- [Given material]:
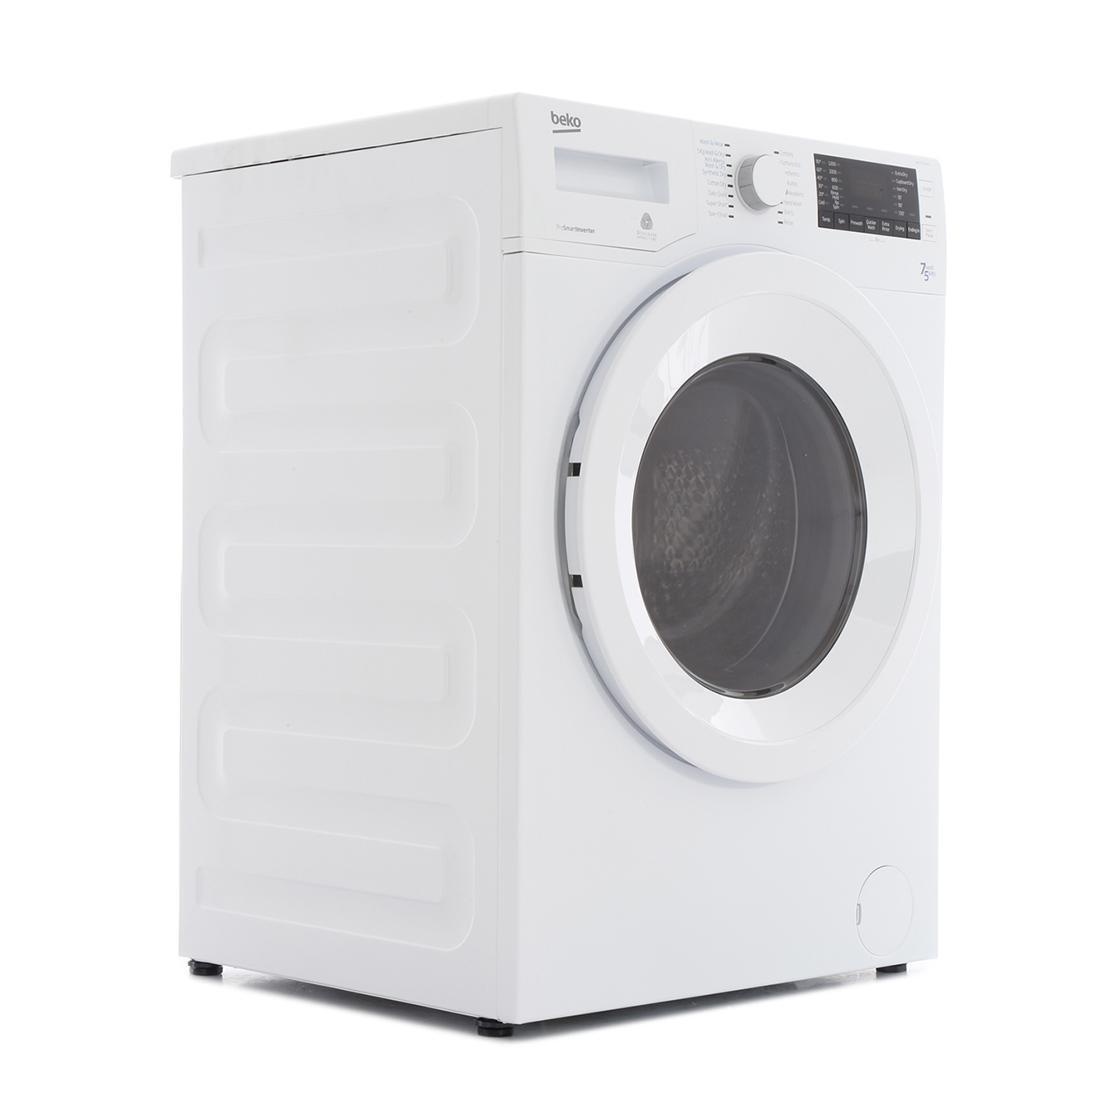 Buy Beko WDC7523002W Washer Dryer - White | Marks Electrical
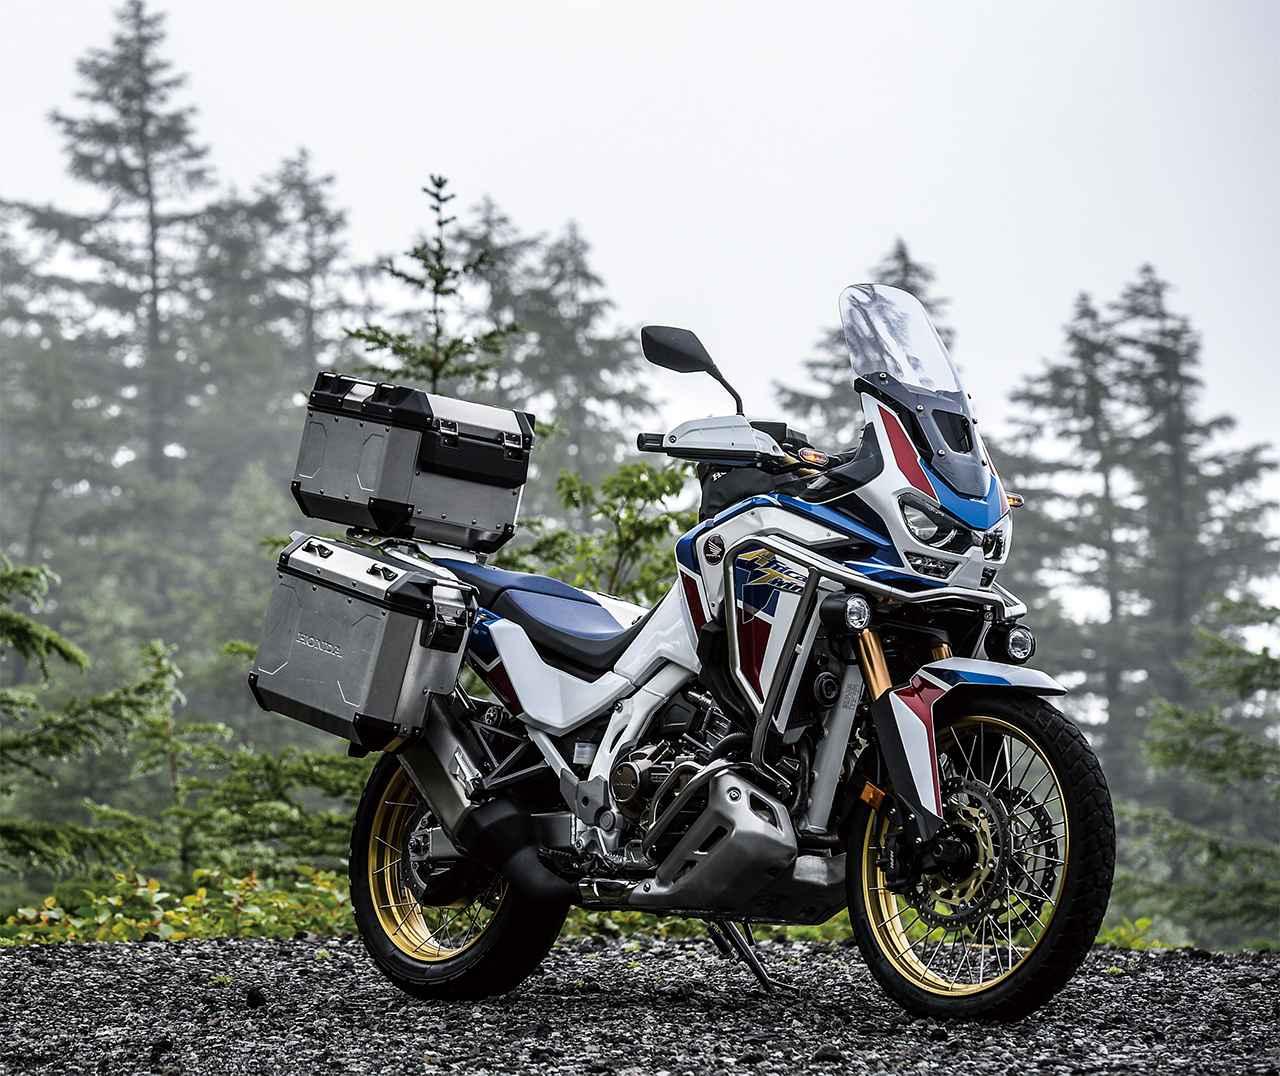 画像: Honda CRF1100L Africa Twin Adventure Sports ES DCT 撮影車両はオプション装着車 総排気量:1082cc エンジン形式:水冷4ストDOHC4バルブ並列2気筒 最高出力:75kW(102PS)/7500rpm 最大トルク:105N・m(10.7kg-m)/6250rpm シート高:810mm/830mm 車両重量:250kg 発売日:2019年12月13日 税込価格:205万7000円
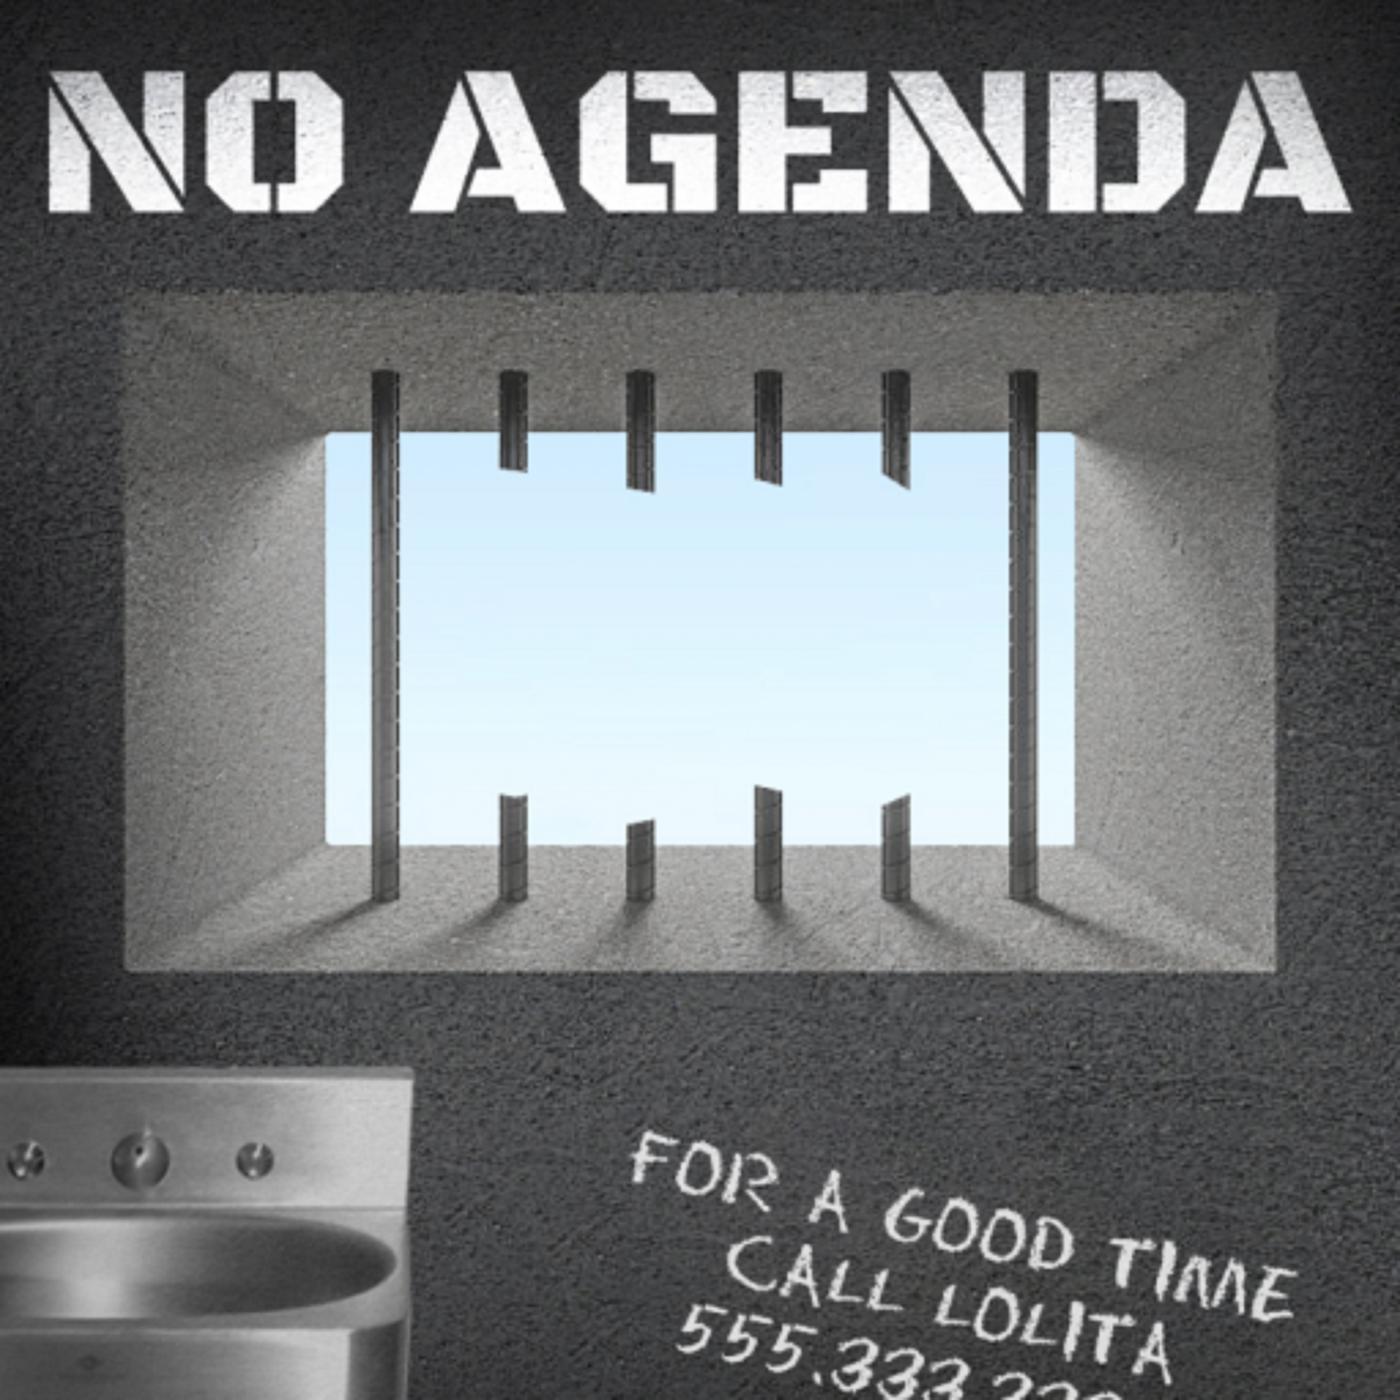 d2cdcaf4f12 No Agenda (podcast) - Adam Curry & John C. Dvorak | Listen Notes
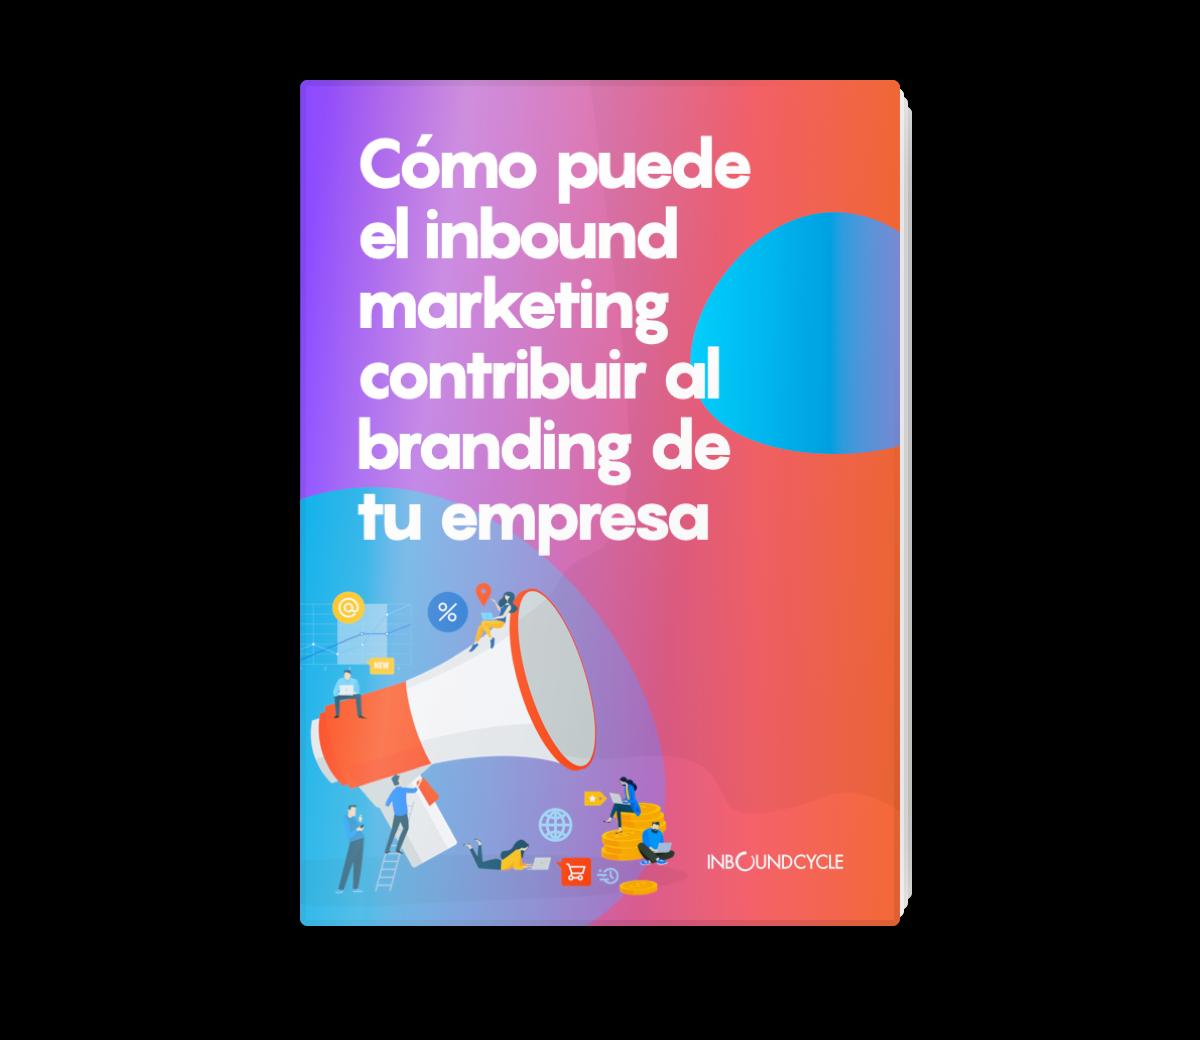 Portada - Email - Cómo puede el inbound marketing contribuir al branding de tu empresa

- [Action item]:
A faithful copy of all the data above is required, printed exactly and with no pictures.

- [Exercise response]:
 Buy Beko WDC7523002W Washer Dryer - White | Marks Electrical
 画像: Honda CRF1100L Africa Twin Adventure Sports ES DCT 撮影車両はオプション装着車 総排気量:1082cc エンジン形式:水冷4ストDOHC4バルブ並列2気筒 最高出力:75kW(102PS)/7500rpm 最大トルク:105N・m(10.7kg-m)/6250rpm シート高:810mm/830mm 車両重量:250kg 発売日:2019年12月13日 税込価格:205万7000円
 d2cdcaf4f12 No Agenda (podcast) - Adam Curry & John C. Dvorak | Listen Notes
 Portada - Email - Cómo puede el inbound marketing contribuir al branding de tu empresa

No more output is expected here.